Figure 5. SipA binds polymyxin B and LL-37 in vitro and in vivo. Wells from a 96-well plate were coated with either purified SipA or VC1638 (A,B). LL-37 (A) or biotin-labeled polymyxin B (B) were added to plates and incubated for 1 h. Levels of binding were detected via (A) anti-LL-37 antibody followed by IgG-HRP or (B) Streptavidin-HRP. VC1638 served as a control protein. (C) Coimmunoprecipitation of LL-37 in the presence and absence of 6×His-sipA. Each culture was crosslinked and lysed before loading onto a Ni-NTA column (input), followed by elution with imidazole (output). Blots were probed with anti-LL-37 antibody. Densitometry of the LL-37 band was calculated based on three separate experiments and normalized to the strain containing empty vector. ∗p = < 0.05, ∗∗p = < 0.01, ∗∗∗p = < 0.001.

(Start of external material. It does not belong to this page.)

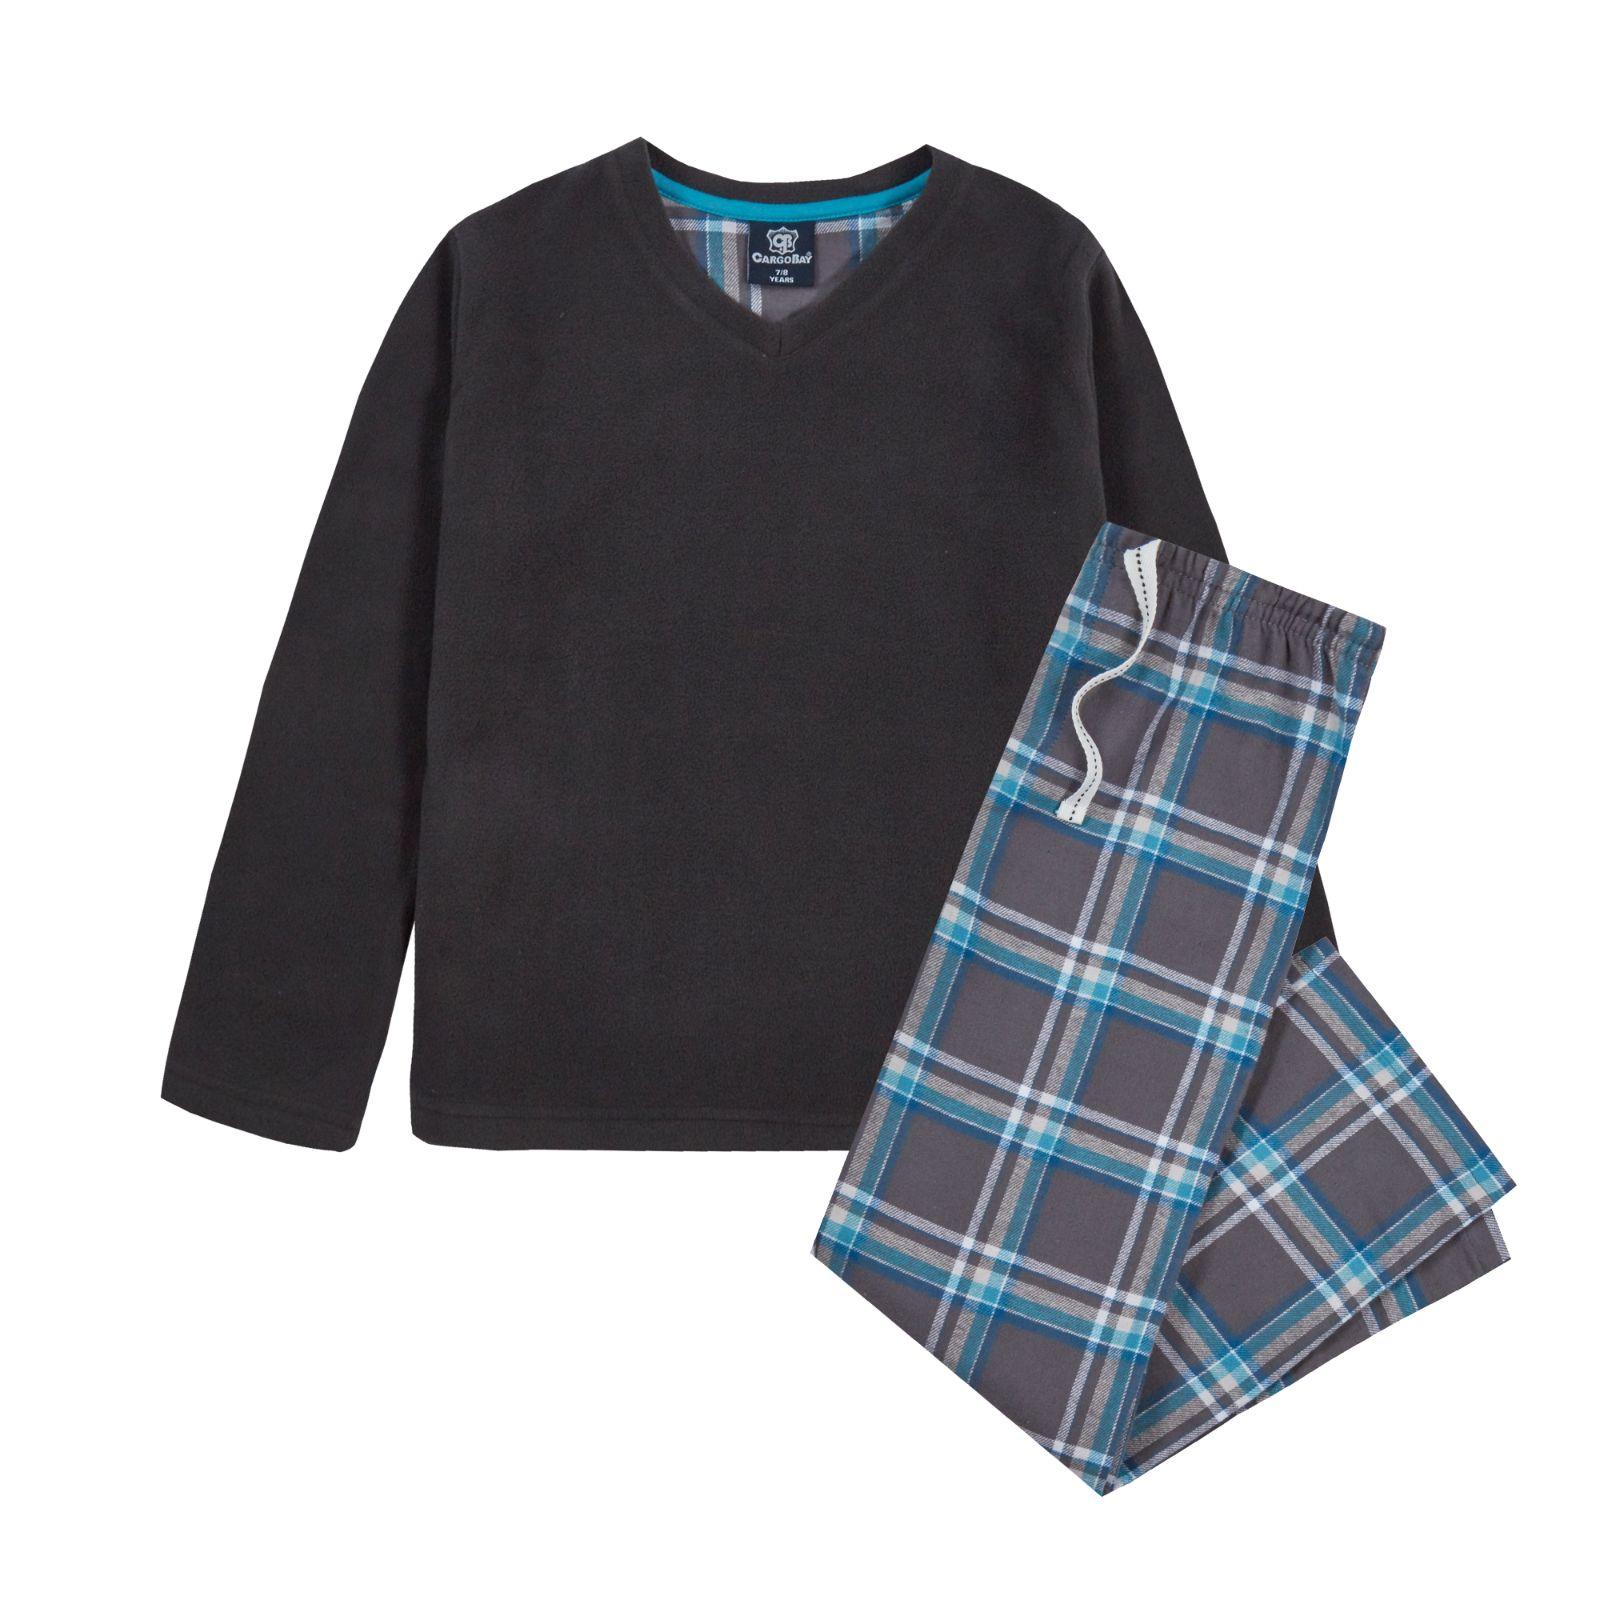 7-8 9-10 /& 11-12 ans Neuf Garçons Star Wars Pyjamas Set taille 5-6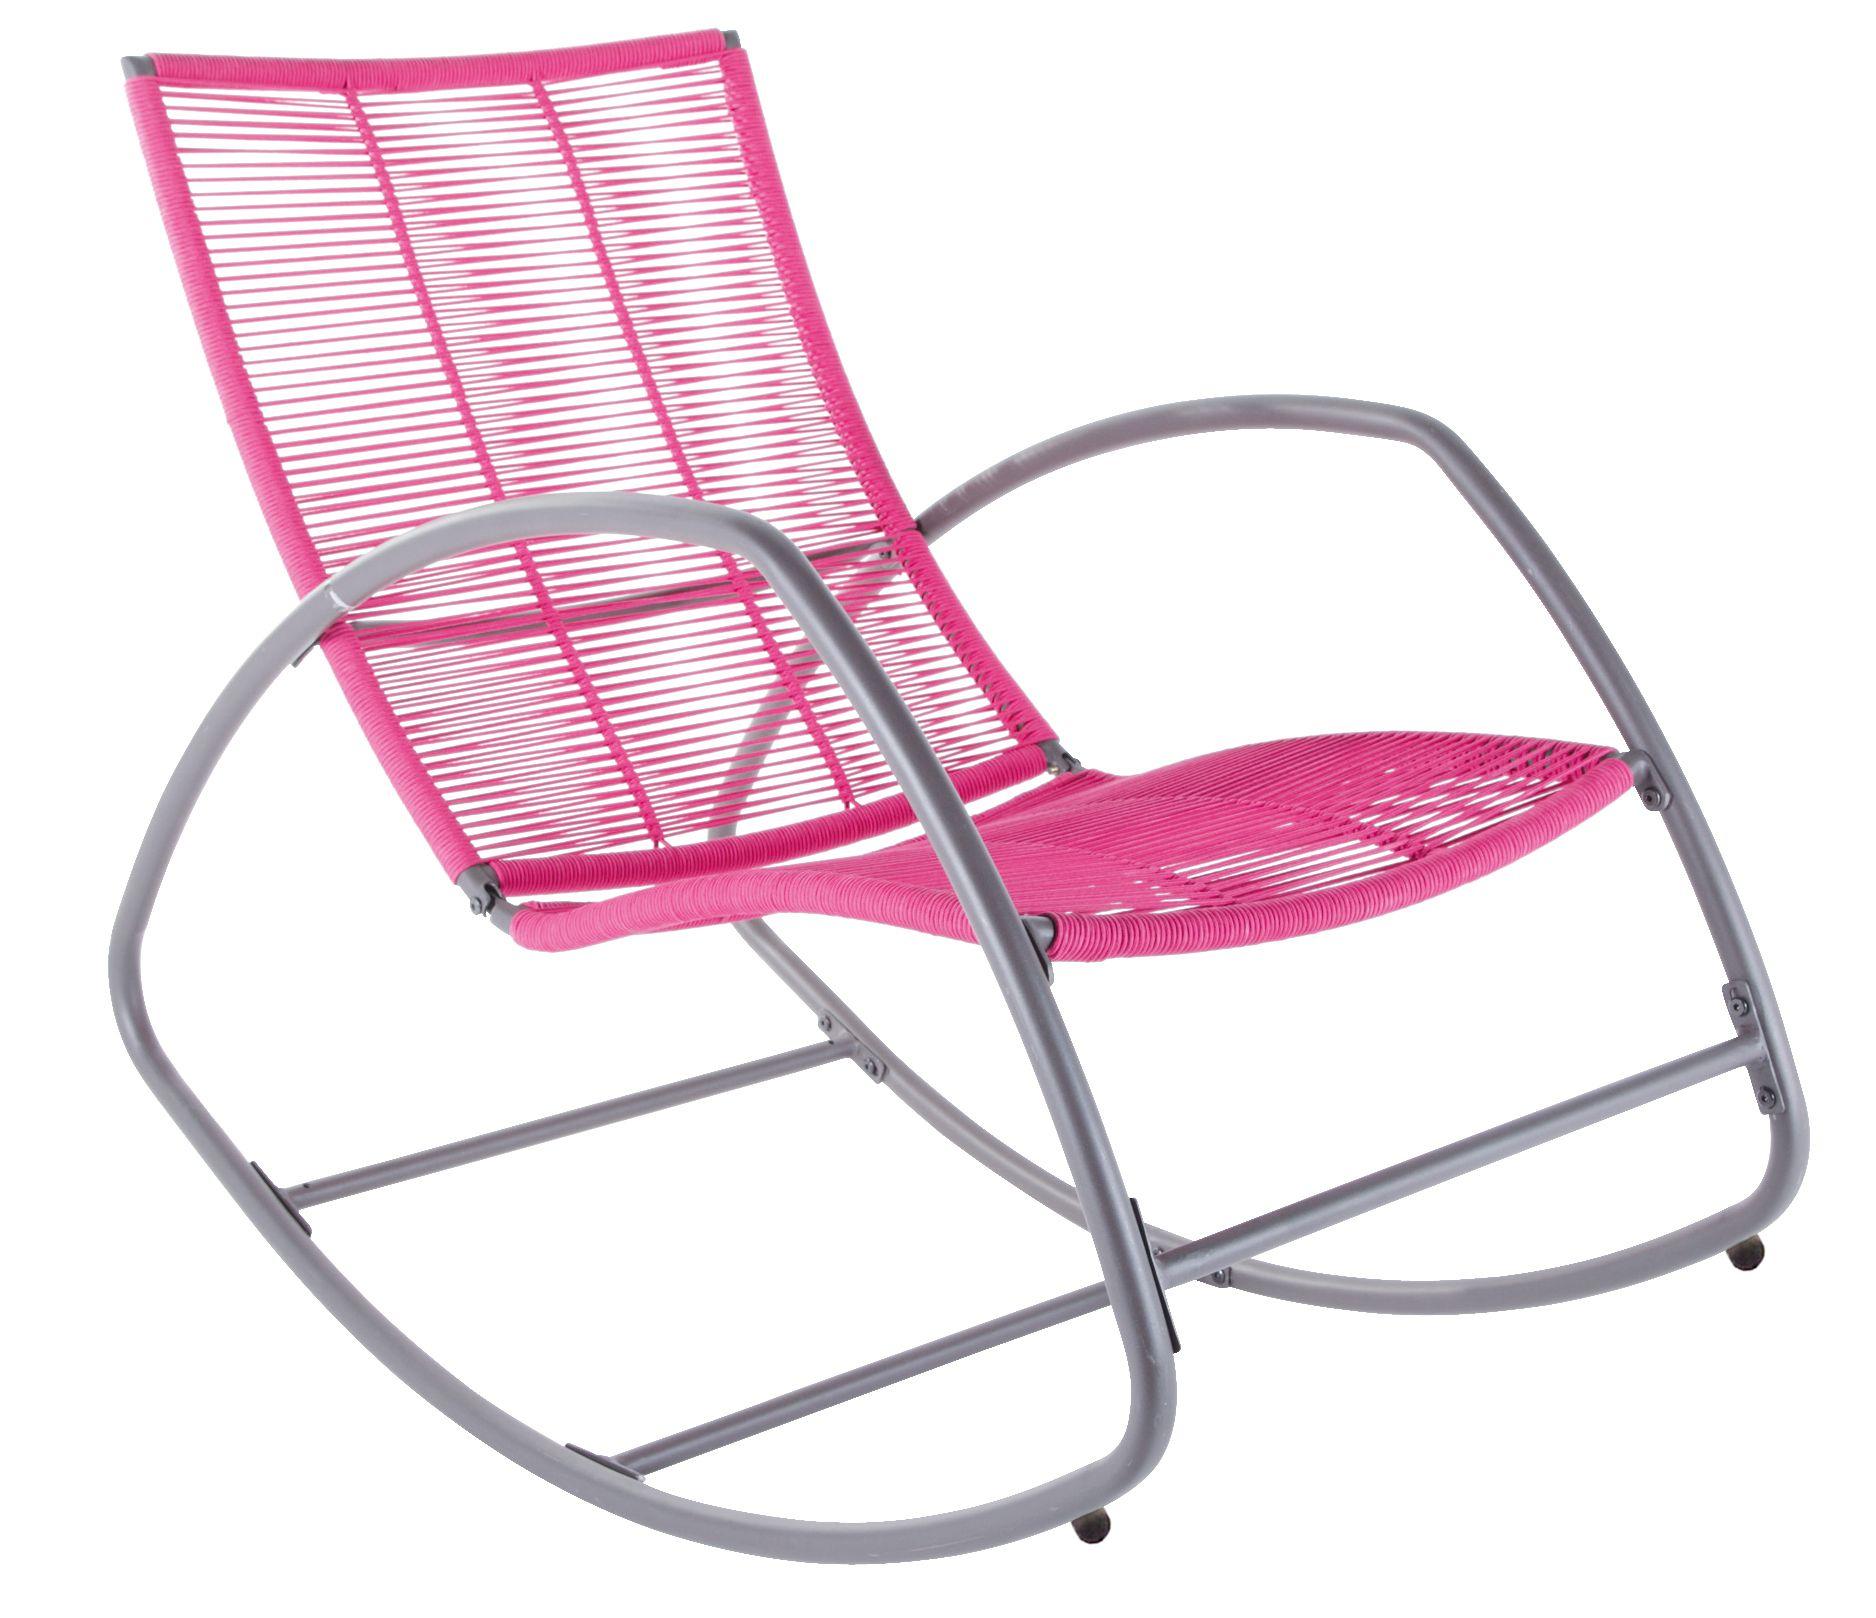 Shower Enclosures For Baths Moretta Rocking Chair Departments Diy At B Amp Q

To further examine the interaction between SipA and AMPs we performed coimmunoprecipitation studies in bacterial cells. sipA mutant V. cholerae either containing an empty vector or a sipA overexpression plasmid was grown in the presence of LL-37. Cellular proteins were crosslinked, and the amount of LL-37 associated with the bacteria was assessed by immunoblotting. We observed an equivalent amount of LL-37 in the whole cell lysates prior to loading onto the nickel-NTA resin (input, Figure 5C). After bound proteins were eluted from the nickel column, we detected a much larger amount of LL-37 in the eluate from the SipA-expressing sample compared to ΔsipA strain (Figure 5C). This suggests that LL-37 can also interact with SipA in vivo. This is the first evidence that members of this family of proteins bind to AMPs.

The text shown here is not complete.